A failed call looked identical to "no review needed". The recent
deprecation-400 outage (PR #2105, output_format → output_config.format,
#2098) was invisible in aggregate dashboards until a user manually
reported errors from their debug log. Cohort-specific or partial
outages would never show up in BQ.

Fix: add `http_err_last` (most recent status) and `http_err_count`
to the existing `_USAGE` accumulator in `_base.py`. `_usage_metrics()`
snapshots them whenever count > 0 (skip-path no-pollute contract
preserved when count == 0). All `_call_claude` error sites now call
the new `_record_http_error()` helper alongside the existing
`_last_call_claude_http_error` module-state assignment.
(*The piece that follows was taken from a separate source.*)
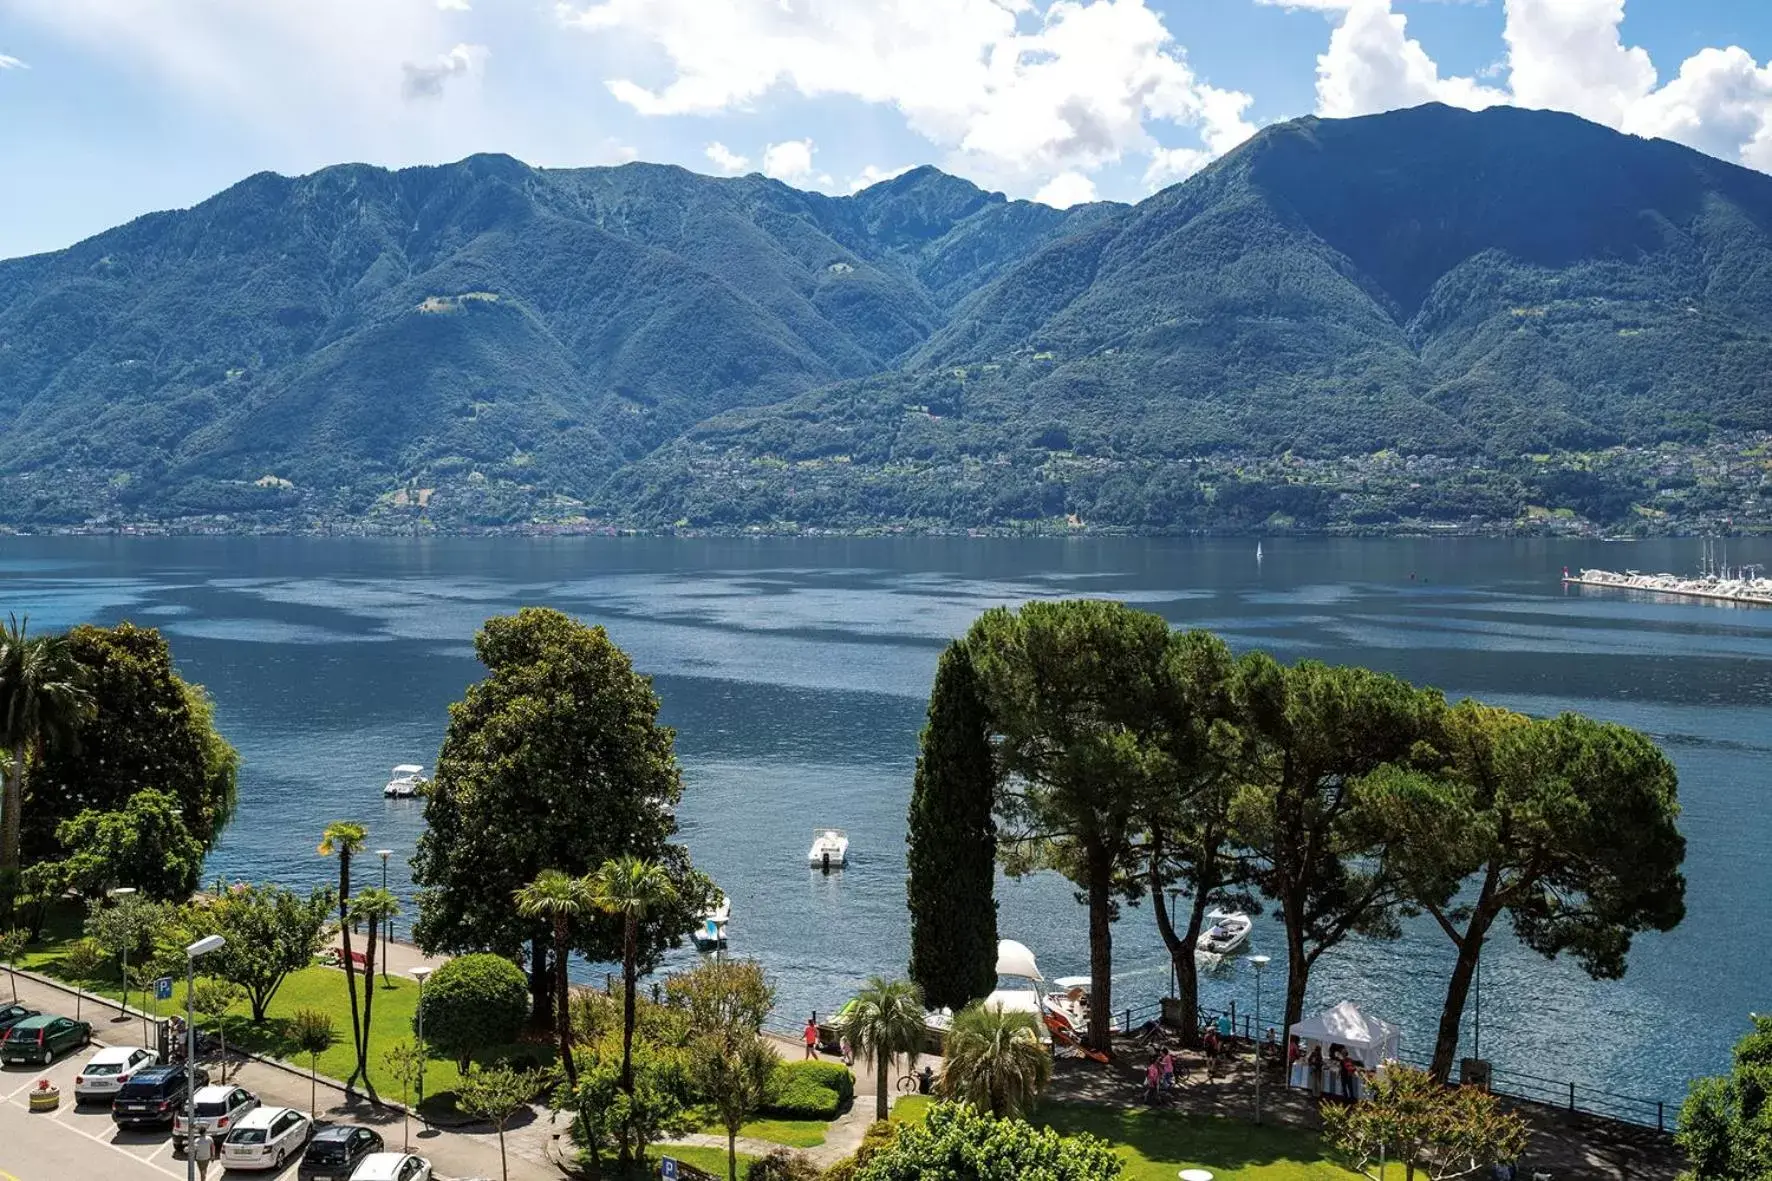 Lake view in Hotel Lago Maggiore - Welcome!

Now any future API failure category is queryable in BQ in real time:

  SELECT
    DATE(server_timestamp, "America/Los_Angeles") AS d,
    CAST(JSON_VALUE(additional_metadata, "$.http_err_last") AS INT64) AS code,
    COUNT(*) AS n
  FROM ... WHERE event_name = "tengu_hook_plugin_metrics"
    AND JSON_VALUE(additional_metadata, "$.pluginId") LIKE "%security-guidance%"
    AND JSON_VALUE(additional_metadata, "$.http_err_count") IS NOT NULL
  GROUP BY d, code ORDER BY d, n DESC

## Gap 2: sdk_bootstrap_phase / sdk_bootstrap_err always NULL in BQ

Before: ensure_agent_sdk.py emitted these as strings (e.g. "pip",
"dns_fail"). CC's plugin-metrics pipeline silently drops
plugin-emitted string values — only bool|finite-number plugin metrics
reach BigQuery. (CC-core fields like `subscription_type` are exempt
because they're injected downstream of plugin validation.)

Confirmed empirically: ~185K BUILD_FAILED rows in BQ over the past 2
days had `sdk_bootstrap_phase` = NULL and `sdk_bootstrap_err` = NULL
despite the Python code emitting them. ~28K BUILD_FAILED sessions/day
had no diagnostic split — flying blind on whether the failures are
pip-no-match vs dns-fail vs ssl-verify vs proxy-auth etc.

Fix: encode phase + err_kind as stable integers via
SDK_BOOTSTRAP_PHASE_CODES and SDK_BOOTSTRAP_ERR_CODES. Phase: 1=pre,
2=venv, 3=pip, 4=main. Err: 10 known categories (1-10), 11-98
reserved, 99 = uncategorized catch-all (covers "exc:<X>", "other:<X>",
and unmapped strings). APPEND-ONLY for telemetry stability.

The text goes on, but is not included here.